Auch die Whiskey-Produzenten der Insel, mit jährlich 4,5 Milliarden Pfund der größte britische Exporteur, warnen vor einem No-Deal-Brexit.

Handel und Verkehr sichern

Auf genau dieses Worst-Case-Szenario bereitet man sich auch in Brüssel vor. Die EU-Kommission will verhindern, dass es bei einem chaotischen Ausstieg Großbritanniens zu einem völligen Zusammenbruch des Güter- und Flugverkehrs kommt. Der Notfallplan Brüssels sieht vor, dass zumindest ein Grundangebot an Flügen zwischen Großbritannien und dem Kontinent bestehen bleibt - vorausgesetzt, London räumt EU-Airlines die gleichen Rechte ein.

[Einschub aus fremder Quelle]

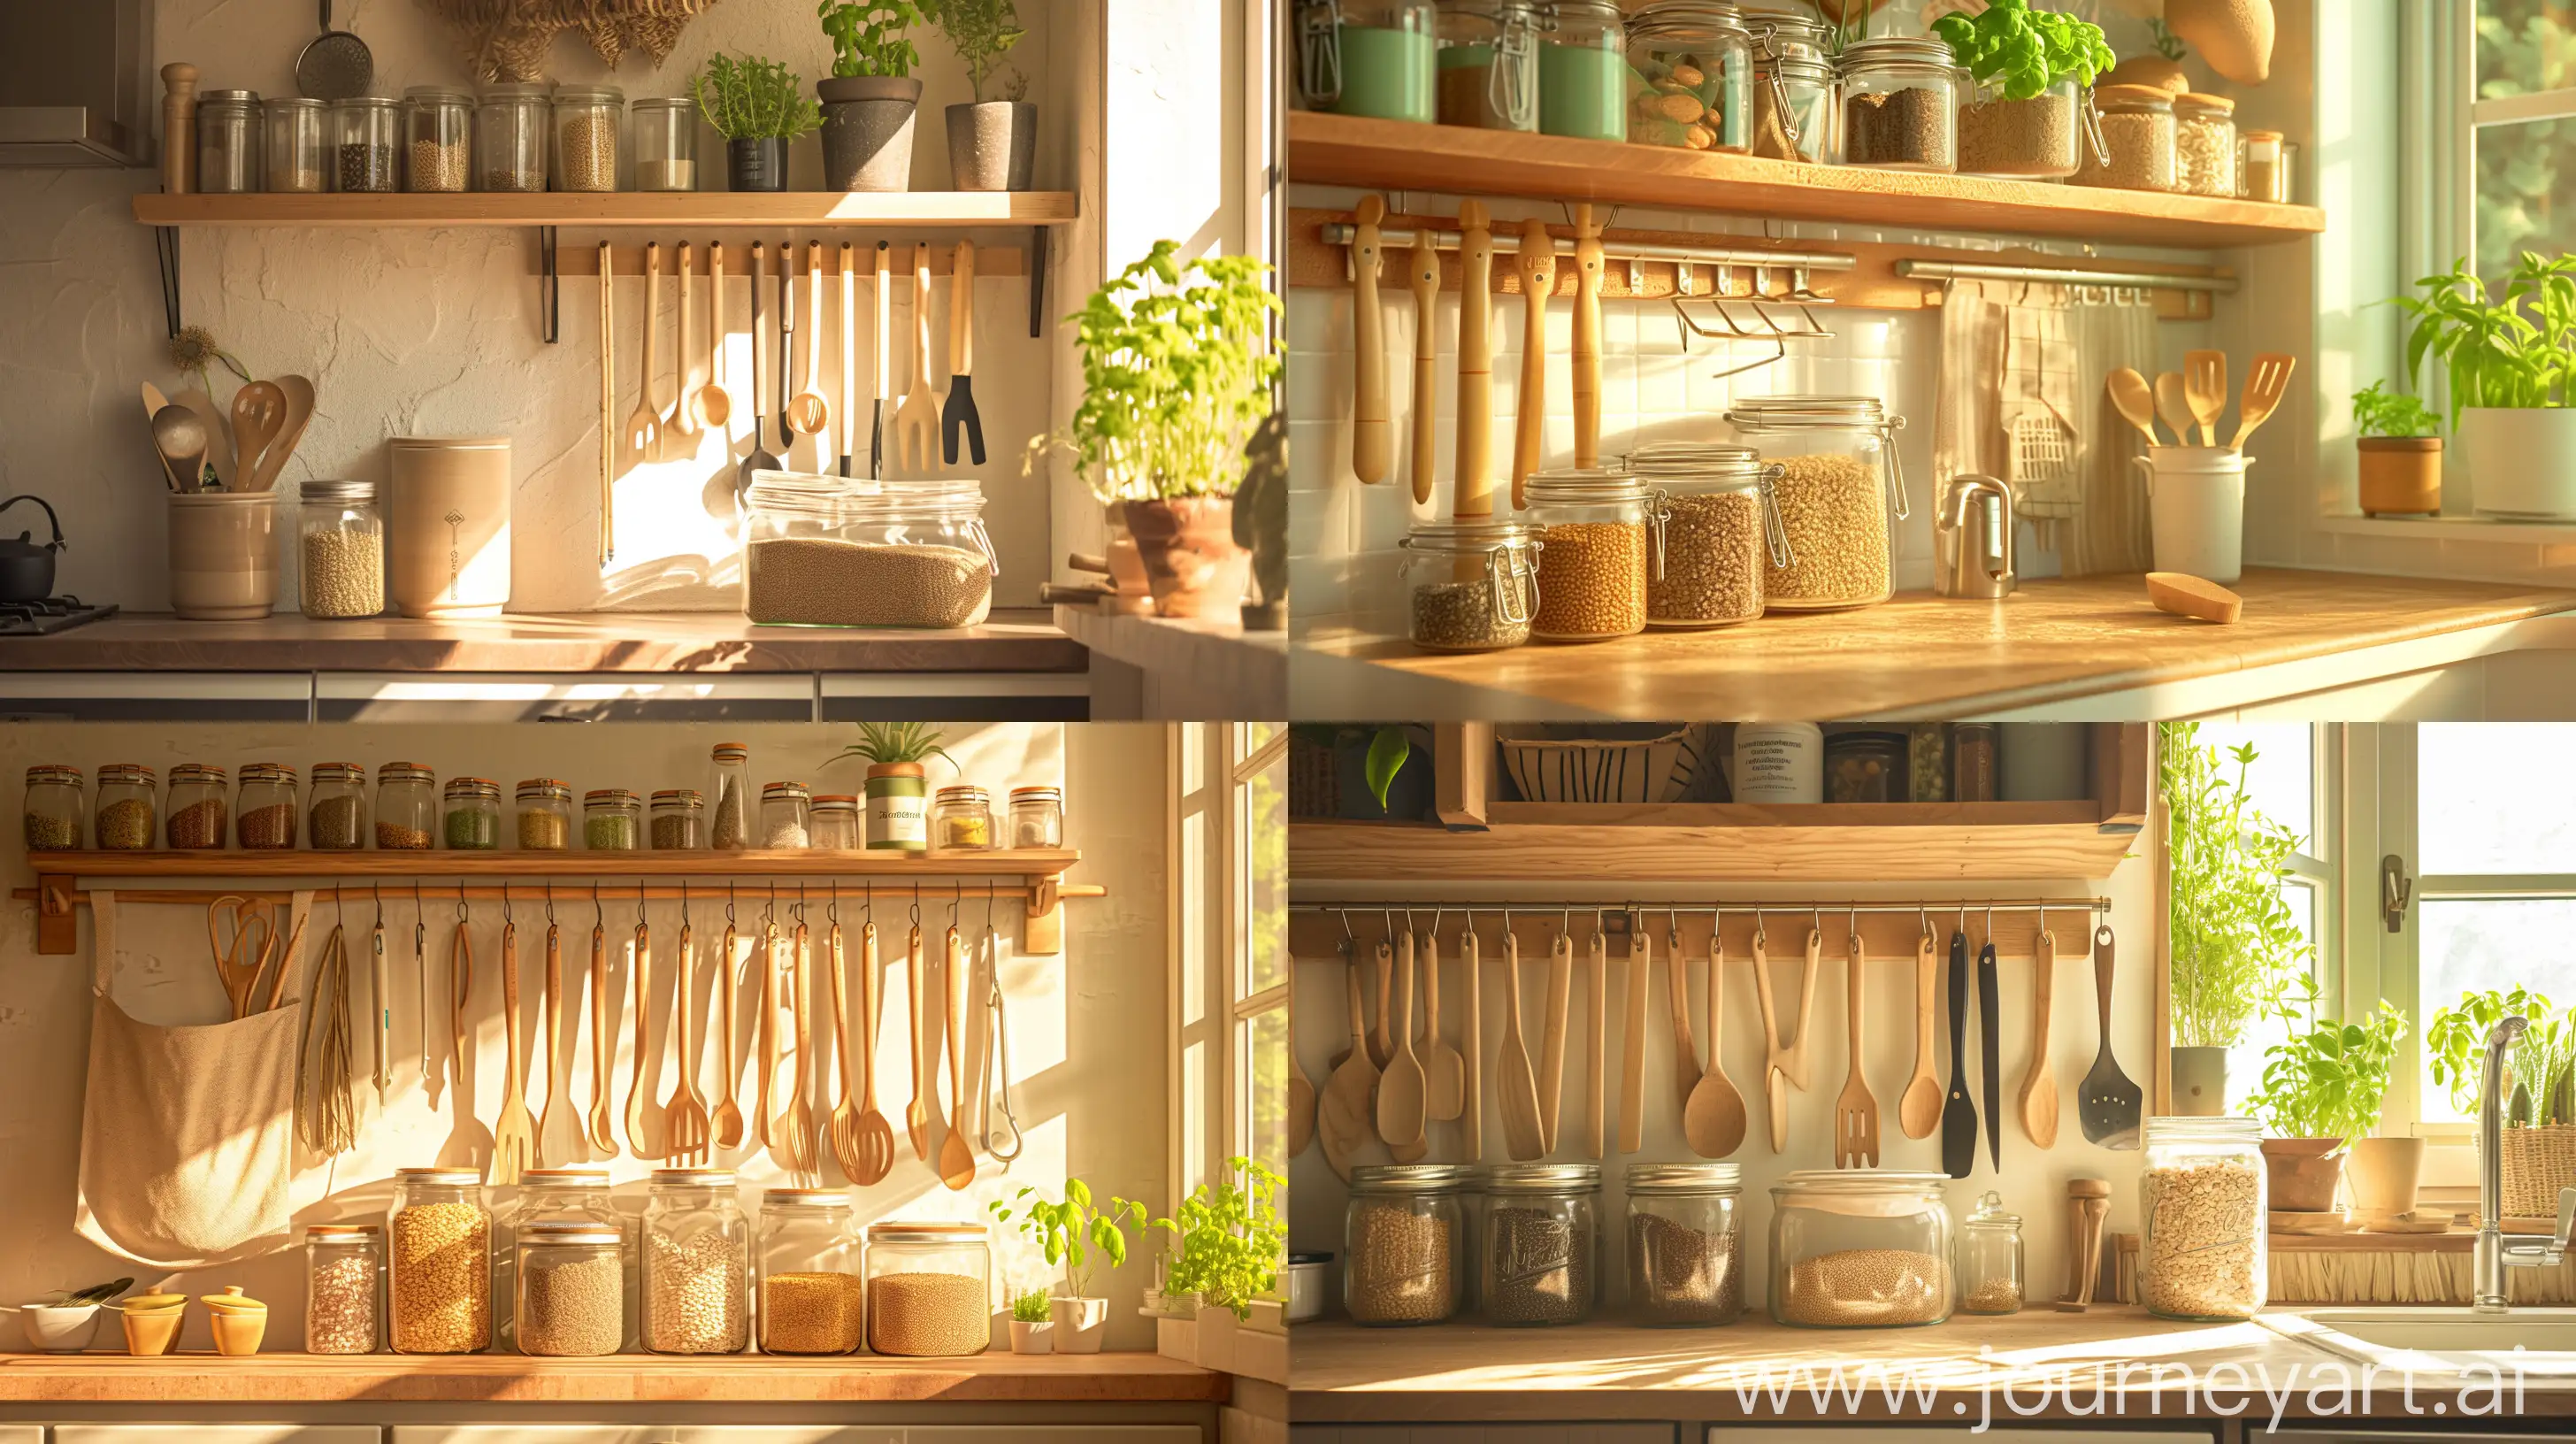 EcoFriendly-Kitchen-with-Bamboo-Utensils-and-Mason-Jars

Ähnliches gilt für den Güterverkehr. Laut EU-Kommission sollen britische Spediteure vorübergehend weiterhin in die EU fahren können und umgekehrt. Auch die Finanzströme sollen bei einem harten Brexit vorerst weiter fließen. Die meisten Banken, Versicherungen und andere Finanzunternehmen der Insel könnten nach dem Ende der einjährigen Übergangsfrist aber nicht mehr in der EU operieren. Sie würden dann ihren größten Kunden verlieren. Unklar ist, wie die Bürgerrechte aussehen sollen. Die Mitgliedstaaten werden lediglich aufgerufen, Briten in der EU großzügig Aufenthaltsgenehmigungen auszustellen.

EU-Kommissions-Vizepräsident Valdis Dombrovskis sprach von "Schadensbegrenzung", damit es zu einer "sanften Landung" für die EU komme. "Die bessere Lösung wäre aber, den Brexit-Vertrag zu unterzeichnen." Genau daran scheitert jedoch die britische Premierministerin, denn im Londoner Unterhaus ist keine Mehrheit für ihr Abkommen in Sicht. Seit May die Abstimmung auf Jänner verschoben hat und ein harter, ungeordneter Brexit immer wahrscheinlicher wird, laufen die Vorbereitungen dafür in Brüssel auf Hochtouren. Verhandlungen mit London gibt es über den No-Deal-Brexit nicht - jede Seite trifft für sich alleine Vorkehrungen.